Hello,
I am using t5-base
to map phrases into categories, for example: “I want to eat” → “hunger”. I have hundreds of different categories, and each category may have 1-3 phrases. Therefore, this is not a classical multi-class classification task. I rather call it a text-to-text mapping task.
Is there any way to get the probability for result
values returned for a phrase (see code snippet below)?
For example, if the phrase is “He is hungry”, the model returns top 5 most relevant labels. These results seem to be ordered by some relevance rank, so that the most relevant label is always first in outputs
. So, my question is how can I retrieve these probabilities?
My final goal is to set a threshold on the probability, so that outputs
would only include results that pass this threshold. If the threshold is not passed, then it should mean that nothing relevant found.
t5_tokenizer = T5Tokenizer.from_pretrained('t5-base')

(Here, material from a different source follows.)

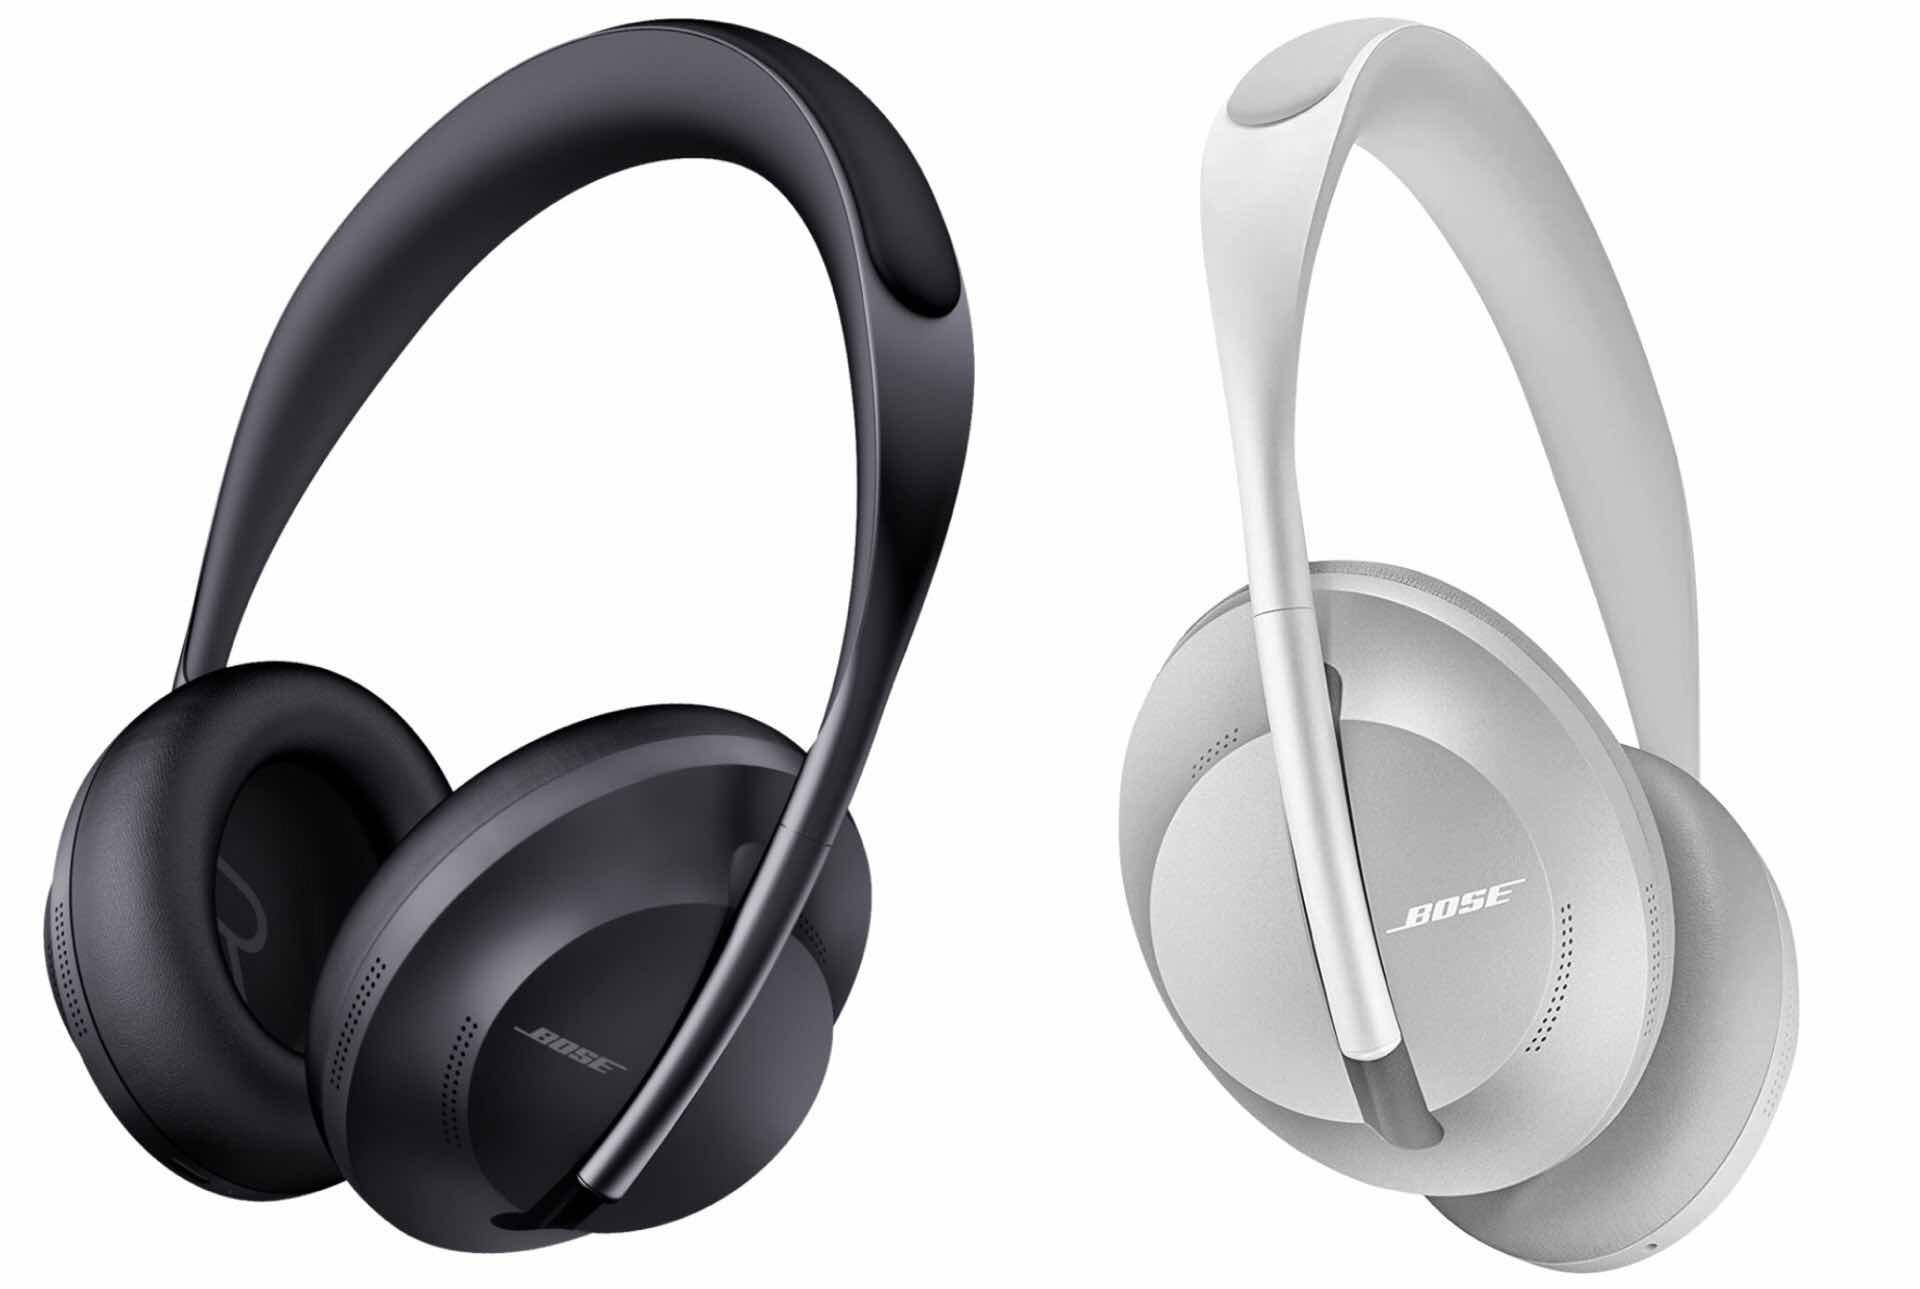 Bose's Noise-Cancelling Headphones 700 ($399)

t5_model = T5ForConditionalGeneration.from_pretrained('t5-base')
...
model.model.eval()
outputs = model.model.generate(
input_ids=test_input_ids,attention_mask=test_attention_mask,
max_length=64,
early_stopping=True,
num_beams=10,
num_return_sequences=5,
no_repeat_ngram_size=2
)
for output in outputs:
result = t5_tokenizer.decode(output, skip_special_tokens=True, clean_up_tokenization_spaces=True)
print(result)